They also want a more democratic and accountable party structure. At the moment anyone can turn up to the party conference – a seemingly open structure but, in practice, one that can be captured. 

Berry is one of the censors. So, too, it seems, is new leader Zack Polanski who has defended the party decision to ban Green Women’s Declaration from holding a stall at the party’s October conference on  the grounds of their ‘bad behaviour’.

What behaviour? He didn’t disclose. My guess is that he couldn’t because the Green feminists are typically scrupulous: they haven’t stalked or suspended members, smashed up venues or events. 

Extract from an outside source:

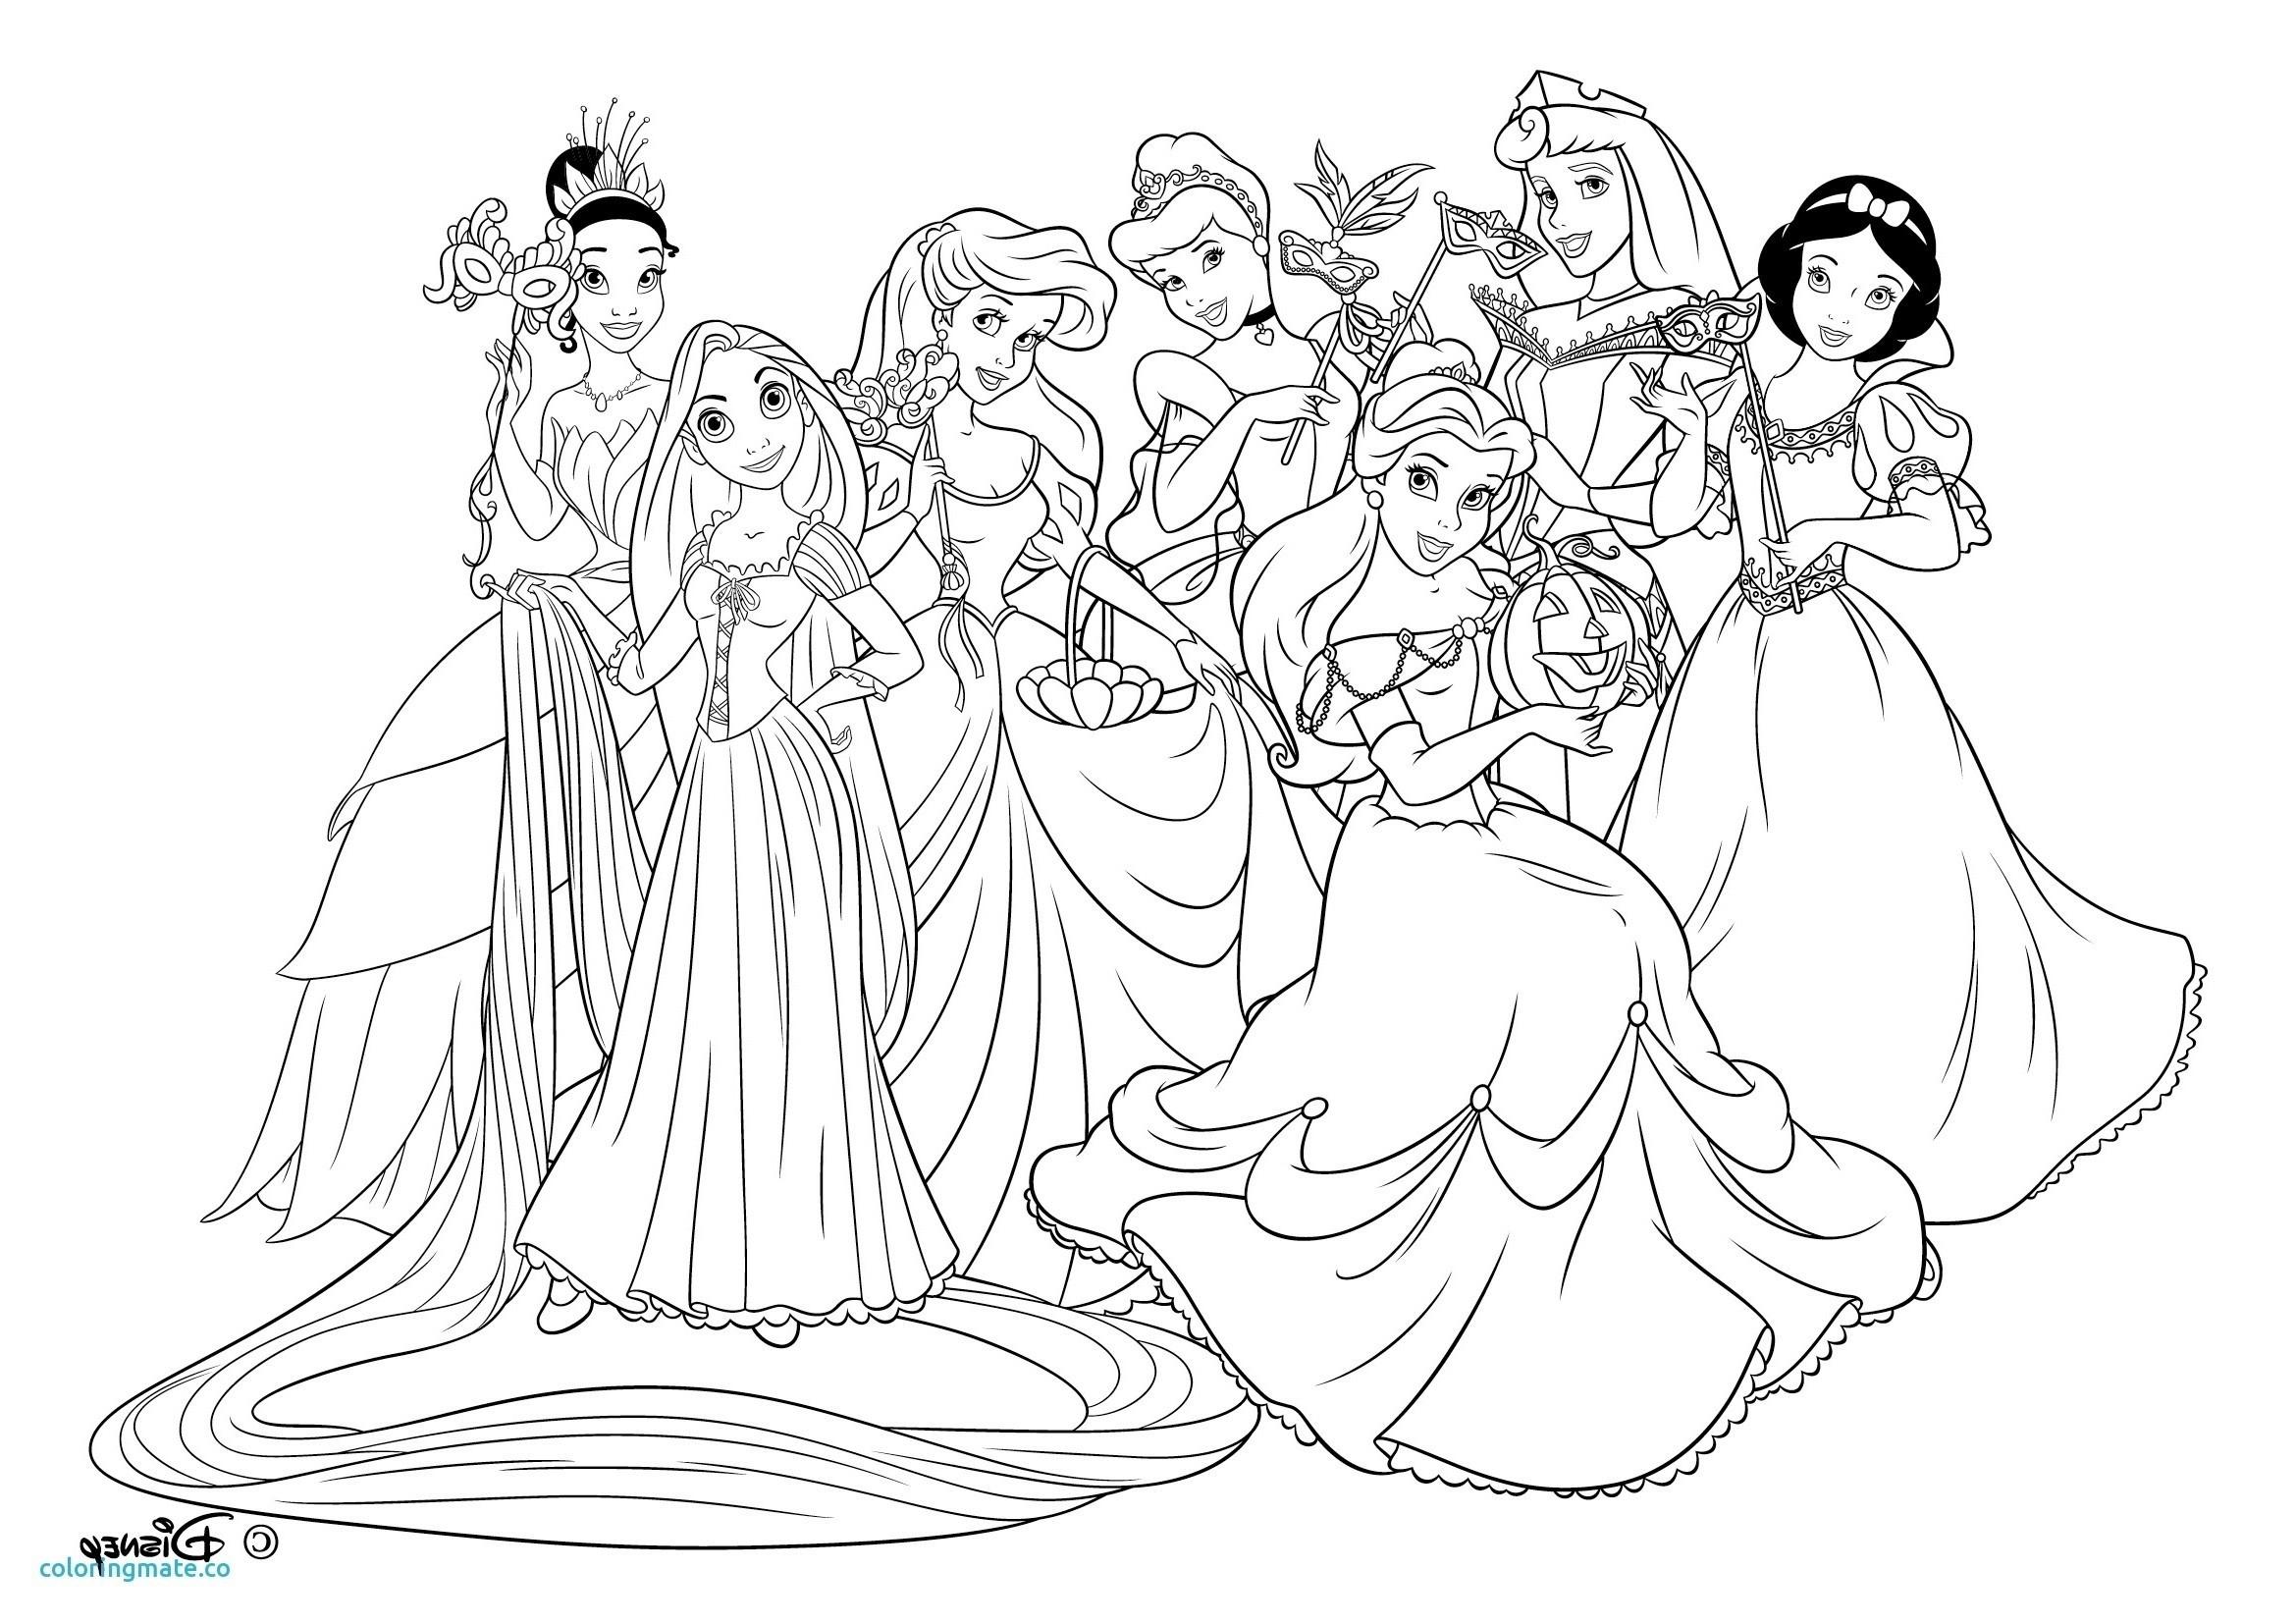 Coloriage Princesse Disney - Delightdomain destiné Coloriage Princesses Disney À Imprimer

They are not transphobic – they never say that trans people should not exist. And they oppose the cultish mantra ‘no debate’. My guess is that it is the feminists’ very presence that is offensive to the trans cult. 

That is certainly what motivated the masked Bash Backers when they vandalised the Brighton Centre. Berry and Polasnski should have a word with themselves – they need to take responsibility for the fine mess in which they and the party finds themselves. 

It is urgent – the party is the beneficiary of an unprecedent rush of support – membership up from 40,000 to over 100,000. This surge reveals a longing for a new configuration of progressive politics. It follows mass disappointment with Sir Keir Starmer’s hapless, authoritarian Labour leadership, and equally mass disappointment with the chaotic launch of Your Party . 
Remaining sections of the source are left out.